Technology has a way of interfering with my purest of intentions, just as it supports them. The proverbial horns of a dilemma. Do I disrupt the quietness of the morning by solving the email problem, which means asking for help from my loyal spouse, who is blessedly helpful and gifted at tech support?  (I know. I’m a very lucky woman.) Or do I continue savoring the silence and deal with it later? And, if I decide on the latter, will I truly let it be until then, or will concerns about the problem leak into this perfect clean slate of a day?

A sigh slipped out as I asked for help. Then a pause for gratefulness that I could ask and probably receive it.  Followed by a deep realization: this was not an either/or proposition. In the moment I could see the opportunity to do this one thing, deal with the missing email, in exactly the same way I would approach a day of silent meditation or dedicated writing time. With peace. Equanimity.

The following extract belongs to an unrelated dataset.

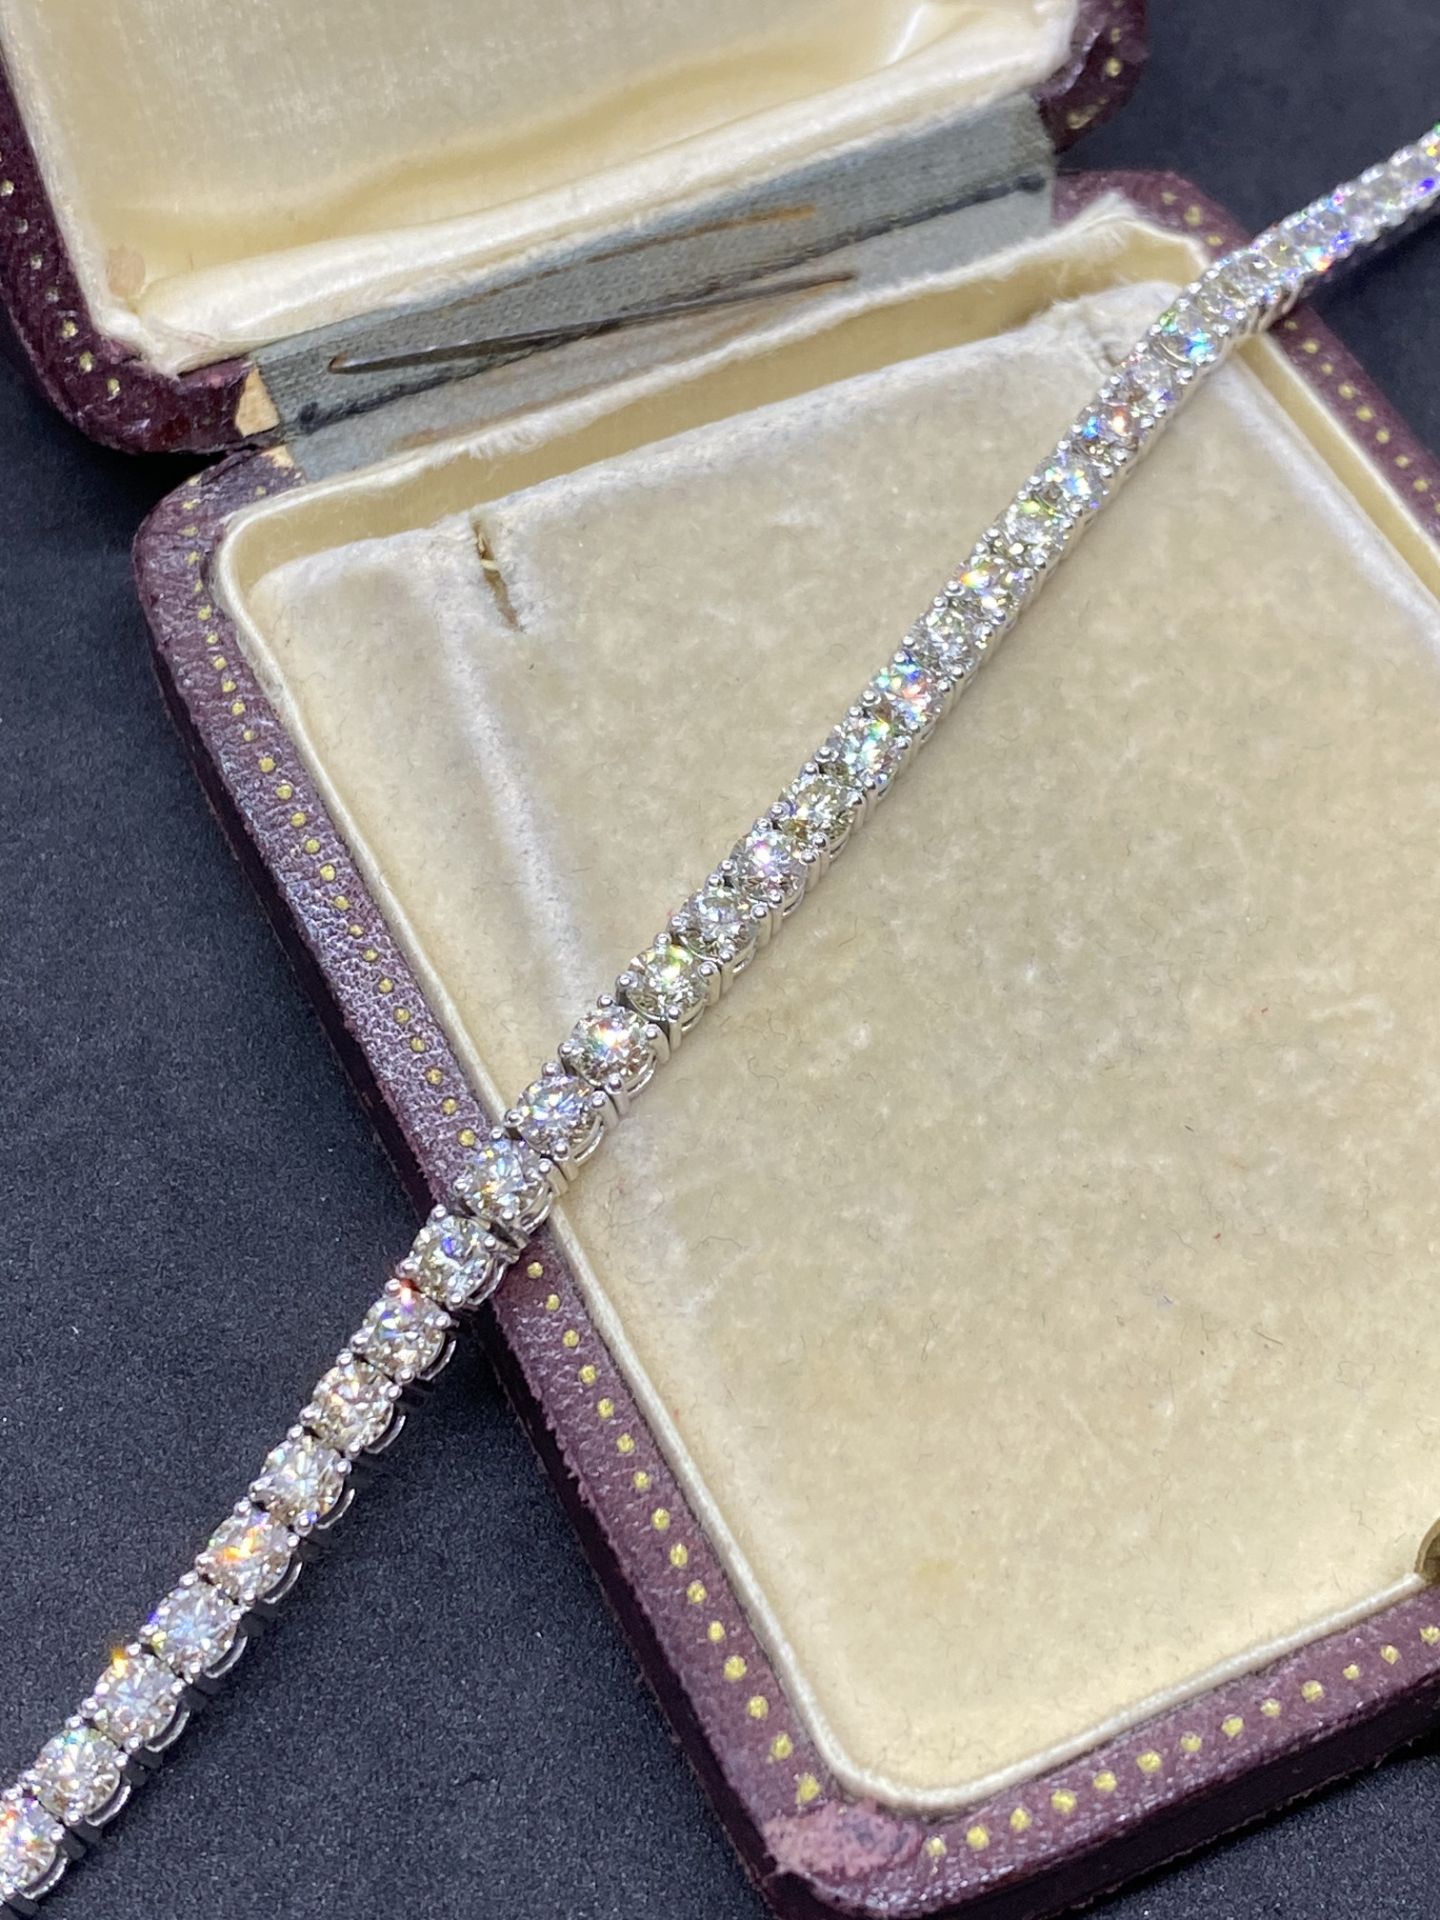 10.49ct DIAMOND TENNIS BRACELET SET IN 14ct WHITE GOLD - Image 2 of 6

Freedom. And that is what I chose.

 

Where in your life could you choose to treat a hassle with a little more kindness?  What triggers the reactive compulsion for you? Just notice. Make a list and choose one. Check it out. Where do you have a choice to do something different?

 

“Candle Light Balcony Session” by Sven, CC by 2.0

One Response to “When Liminal Time Meets Technology”

  1. Andrea Bruce

    I loved this post. I was particularly moved by the description of liminal time. The idea of the gradual light of the day being connected to the awareness of the group heart and your own, and the tender newness of the year. Certainly for me the holidays created much upheaval, and yet a stillness remained in me reminding me that chaos is not terminal. The evocative words here both inspire and comfort me. I will try to remind myself that that space between the night and the day is sacred and perennial. Each day brings with it an opportunity to live in it’s tender newness. Thank you.